(WHAT IS NEEDED):
Your copy should match the listing word for word, apart from the pictures, which are left out.

(DATA BELOW):
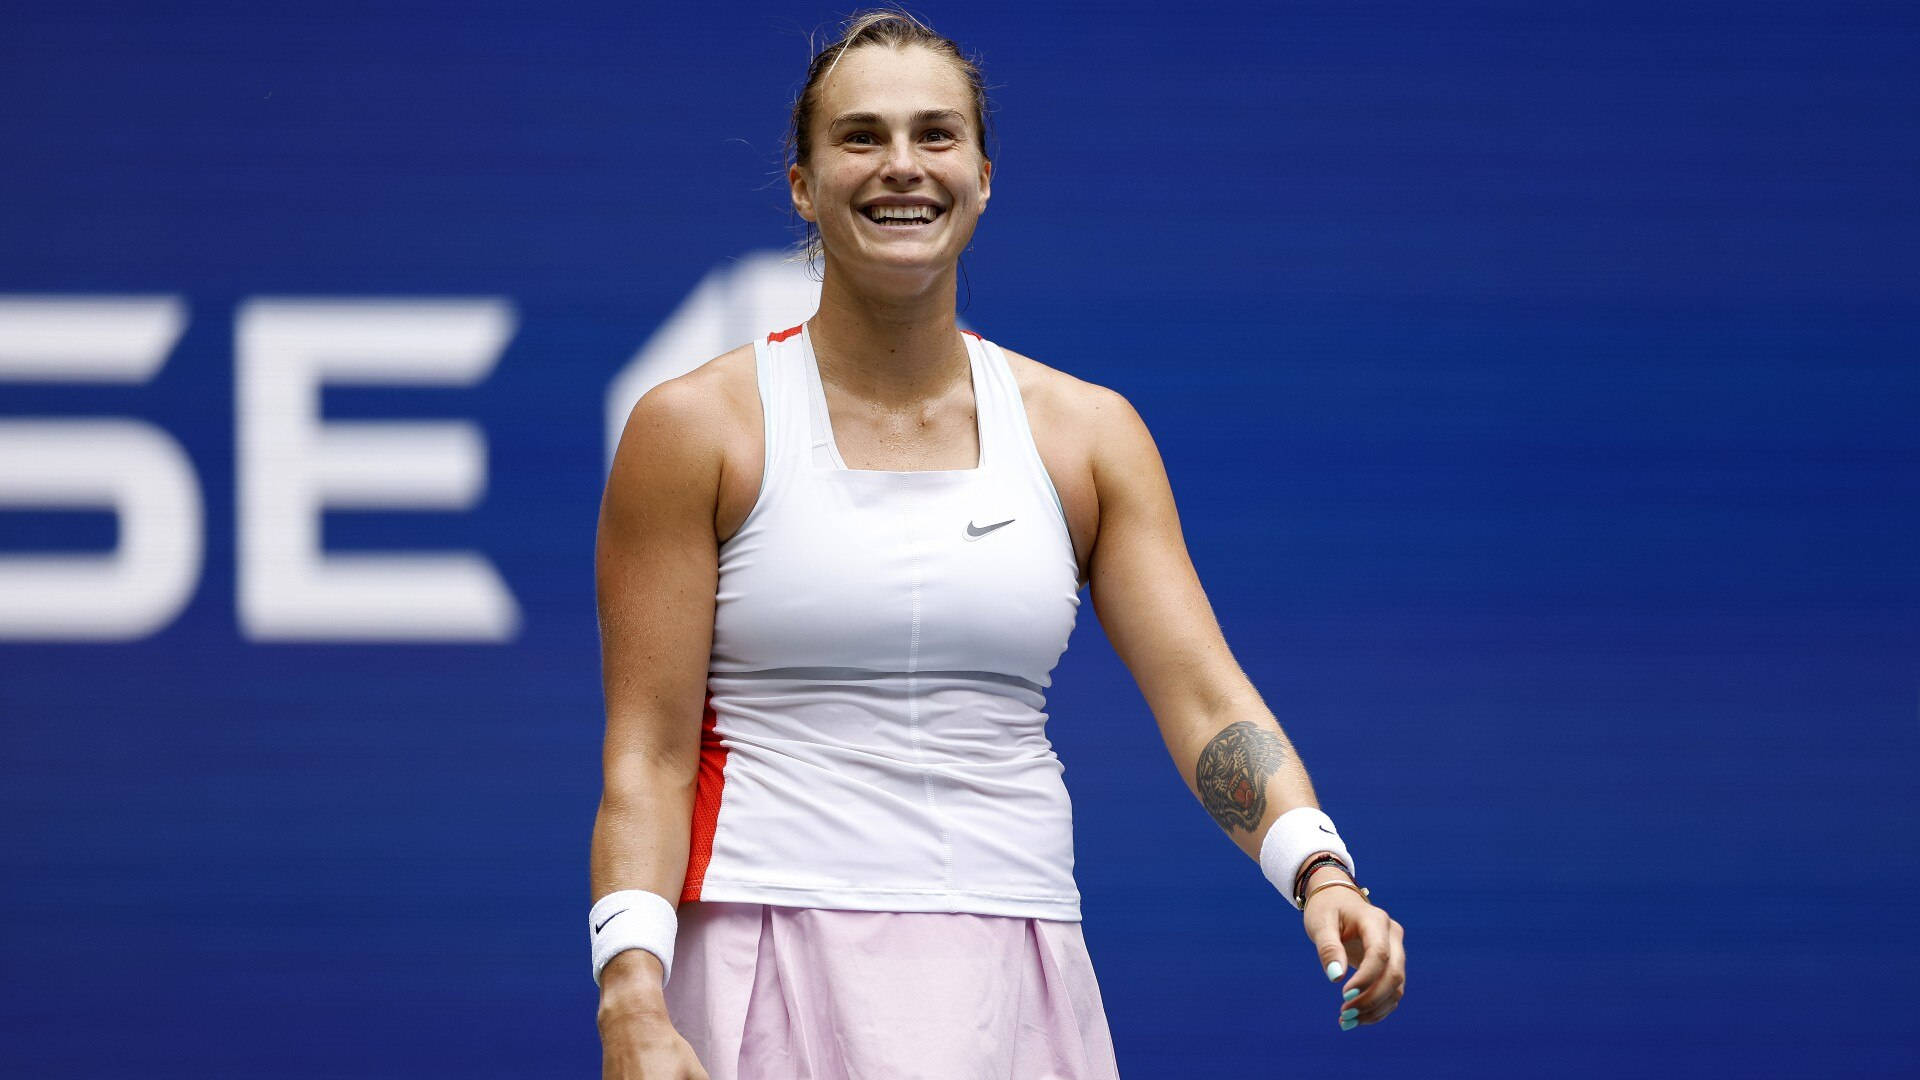 Aryna Sabalenka - Professional Tennis Player with Winning Smile Wallpaper
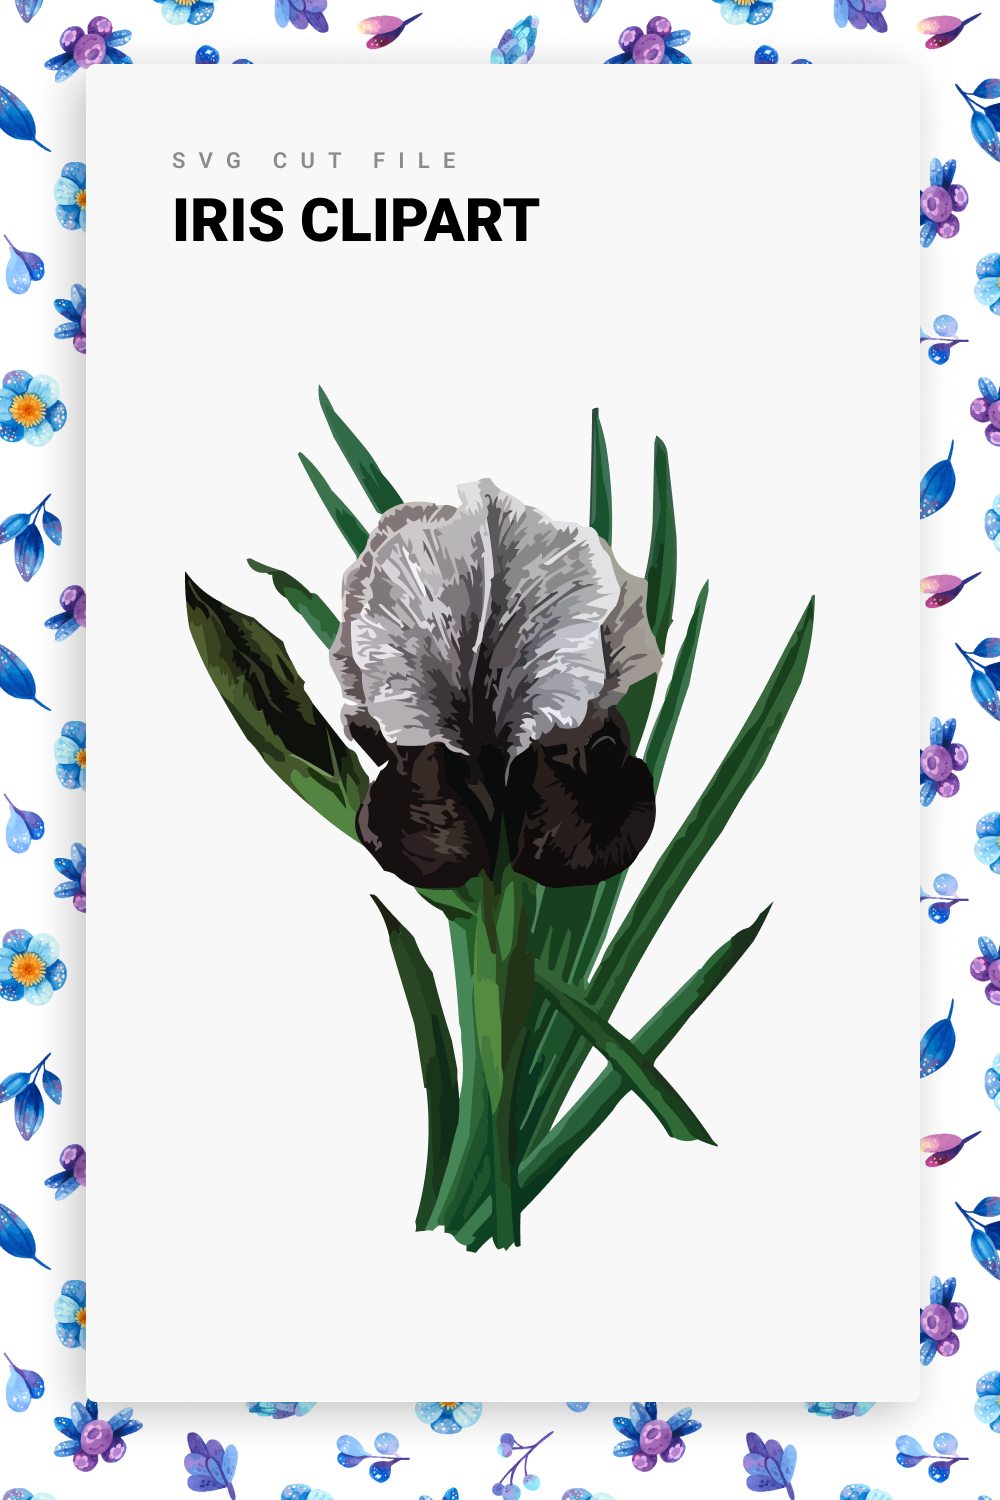 So relistic beautiful iris flower.
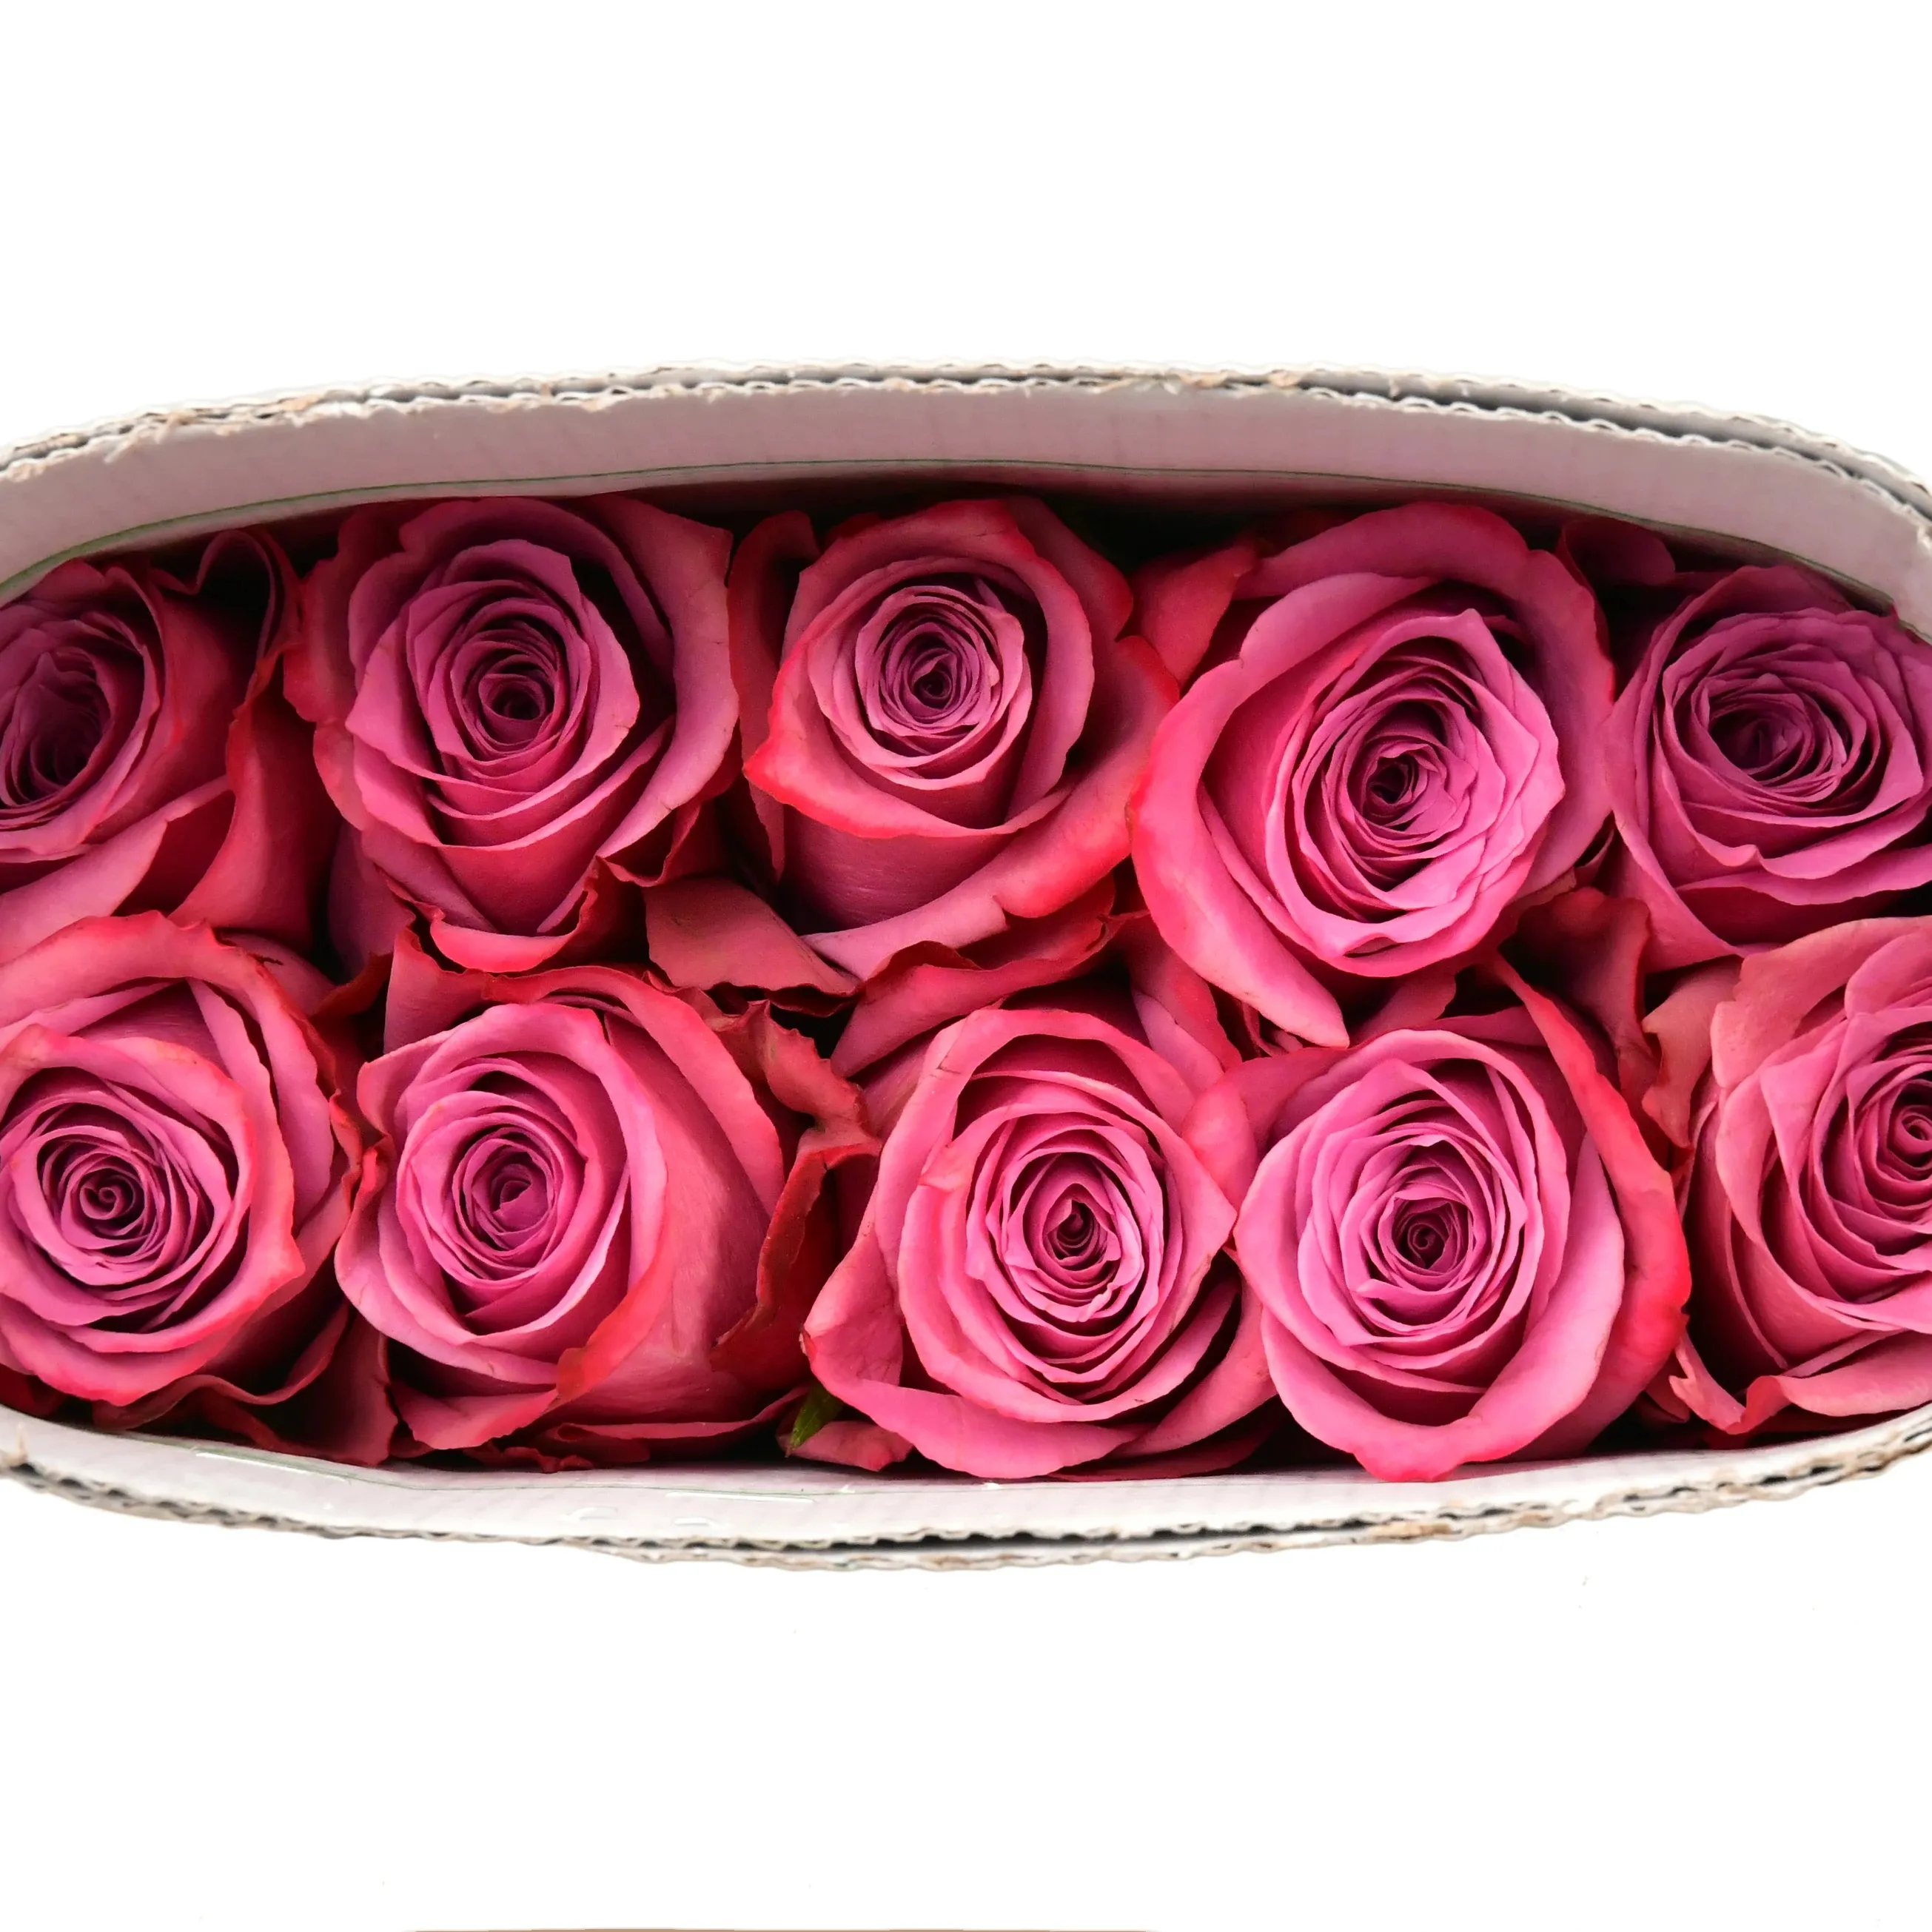 Flores frescas de corte novo Premium Queniano corte fresco rosa roxo haste grande 62 cm atacado flor fresca de varejo

(REPLY TO THE EXERCISE):
 Aryna Sabalenka - Professional Tennis Player with Winning Smile Wallpaper
 So relistic beautiful iris flower.
 Flores frescas de corte novo Premium Queniano corte fresco rosa roxo haste grande 62 cm atacado flor fresca de varejo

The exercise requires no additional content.